Я ухватил её за плечи и потащил за собой.
— Зови меня Агасфером, — сказал я, когда оказались на площади. — Как звать тебя?
— Кассандрой.
Я обмер. До меня дошло. Ясно, так ясно, как только может быть…
— Не удастся, — сказала её мать в холле харбинской гостиницы полтора десятка лет назад. — Мой час близок. Я знаю свой последний город. Скоро я приду туда.
Я ошарашенно помотал головой.
— Ты не можешь этого знать. Ни один из нас не может.
Она вскинула на меня взгляд, затем улыбнулась.
— Ты забыл, что я вижу будущее. И город свой тоже вижу. Не веришь?
— Нет! — горячечно выпалил я.
— Что ж, моим пророчествам не верит никто. Но не пройдёт и года, как меня не станет. Прощай.
— Постой, — я ухватил её за предплечье. — А как же мир? По твоим словам, с нашим уходом он ожиреет, одряхлеет и умрёт.
— Мир? — насмешливо переспросила она. — С него не убудет. Теперь прощай.
Разбитый и опустошённый, я побрёл от неё, куда глядели глаза. Не знаю только, чьи. Моросил дождь. Скользили по щекам, стекали к губам капли.
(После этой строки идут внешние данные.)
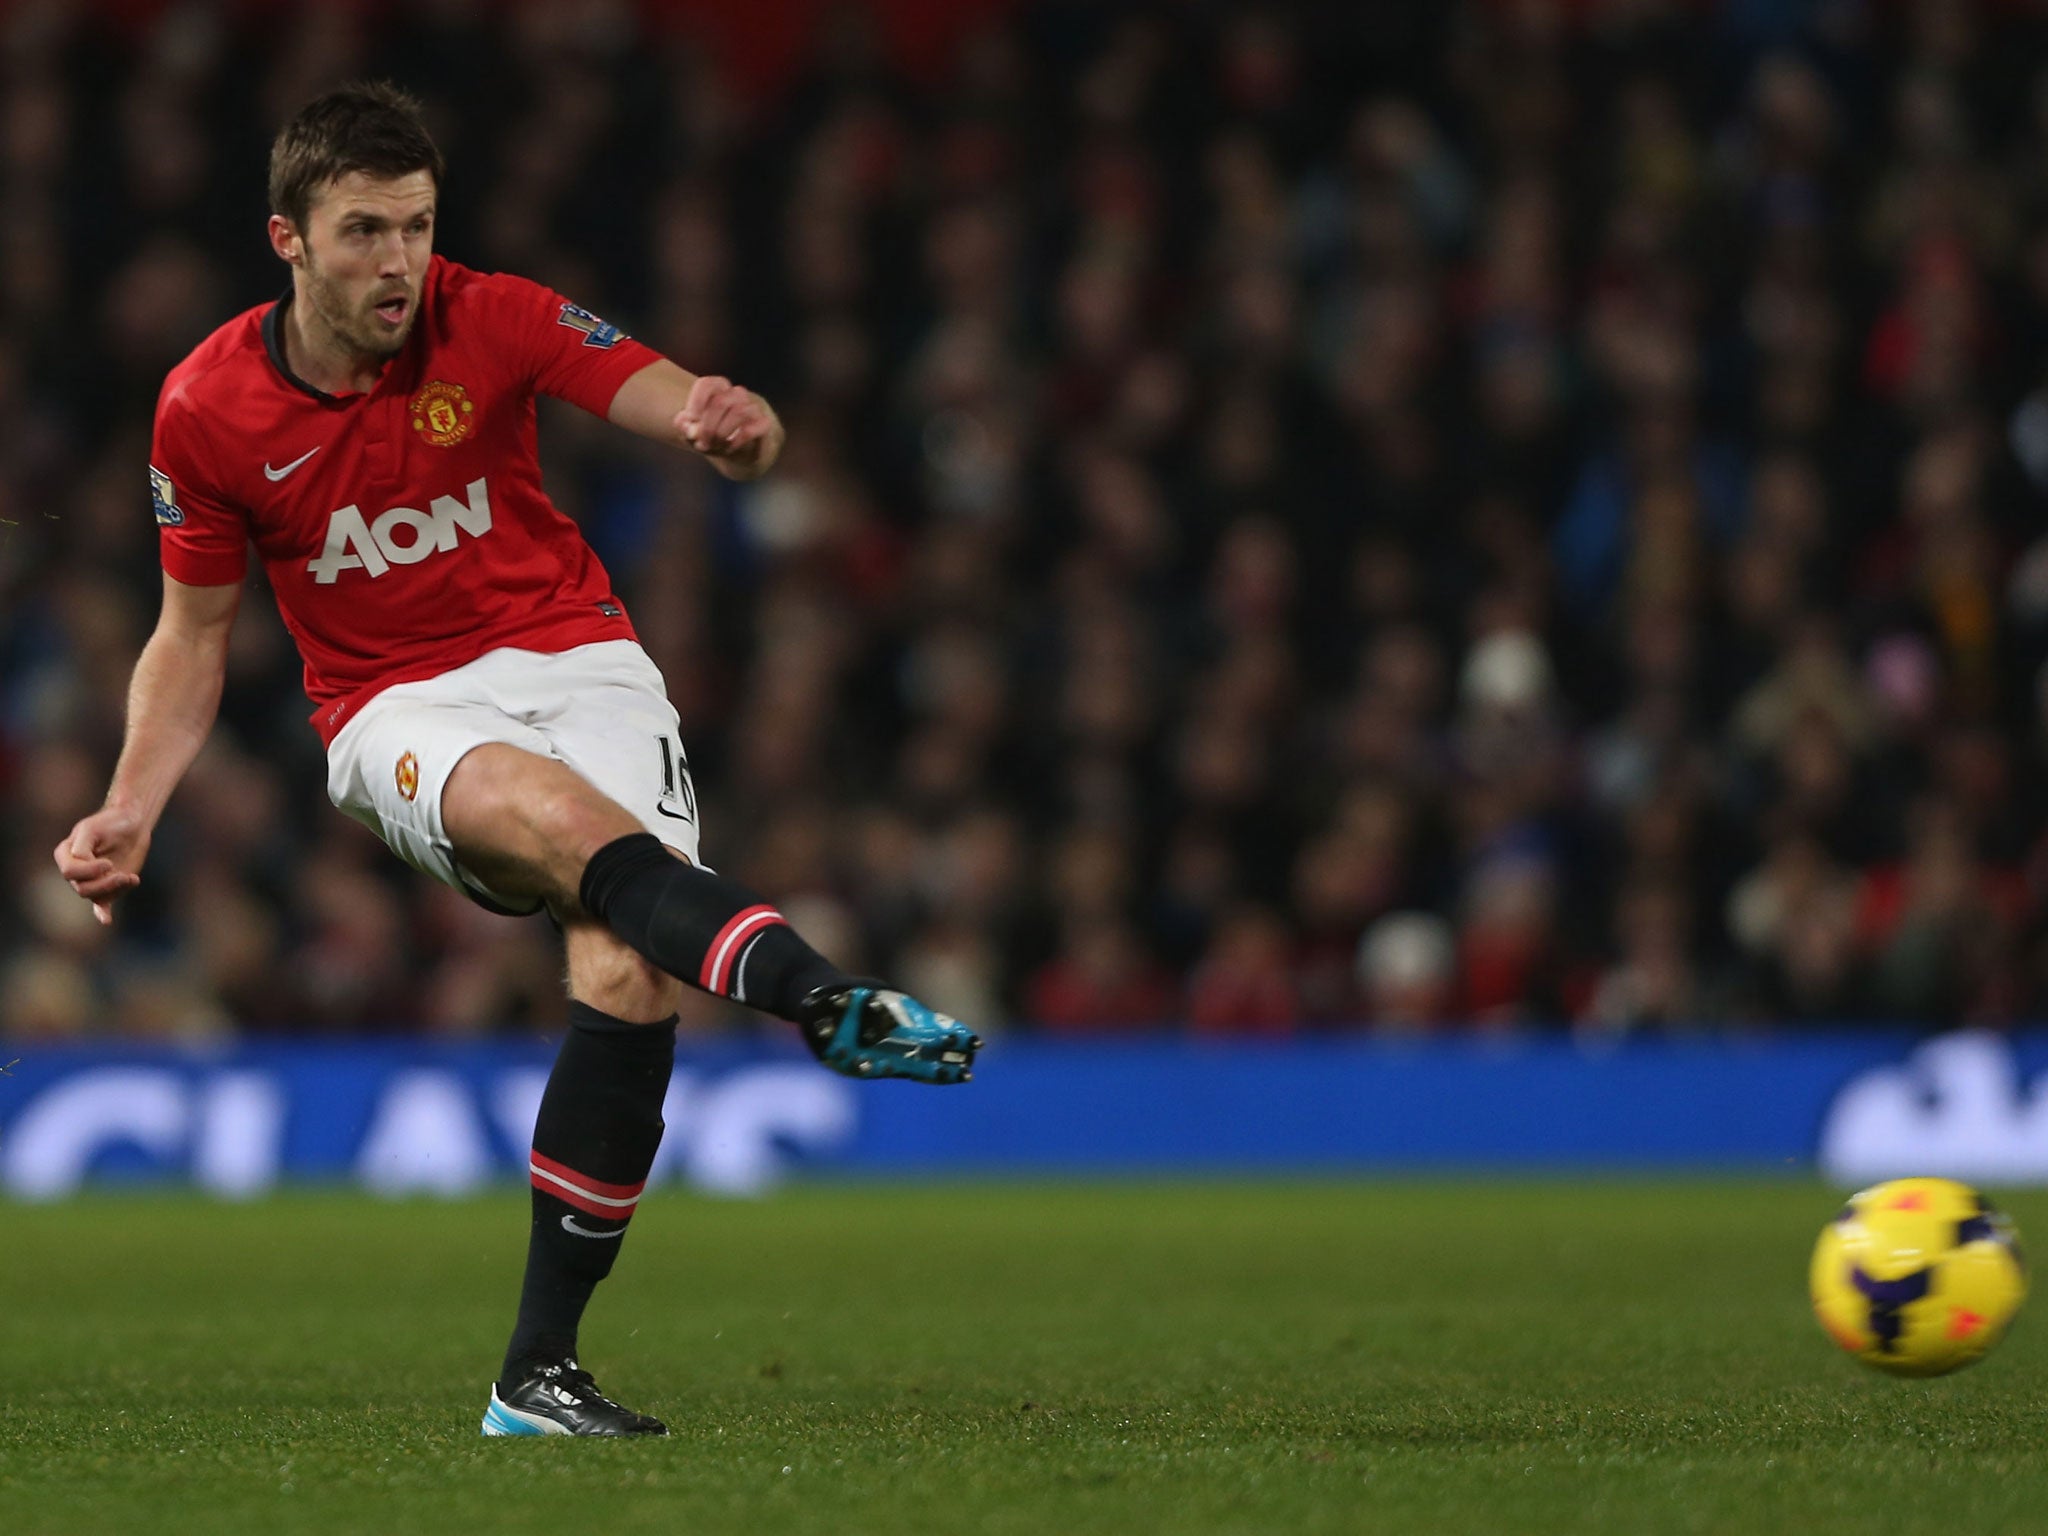 Michael Carrick wants to repay the Manchester United fans for their support with a League Cup win over Sunderland

Отчего-то солёные.
Неделю спустя чудовищной силы наводнение захлестнуло Приамурье и Северо-восточный Китай. Но я к этому времени был уже далеко…
С мира не убыло. Я держал за перепачканную мороженым и уличной грязью ладонь свою дочь. Её аура, чёрная, бездонная, как у любого из нас, обволакивала меня. Только вместе с болью был в ней ещё и страх. Жуткий и вязкий страх от недопонимания и неопытности.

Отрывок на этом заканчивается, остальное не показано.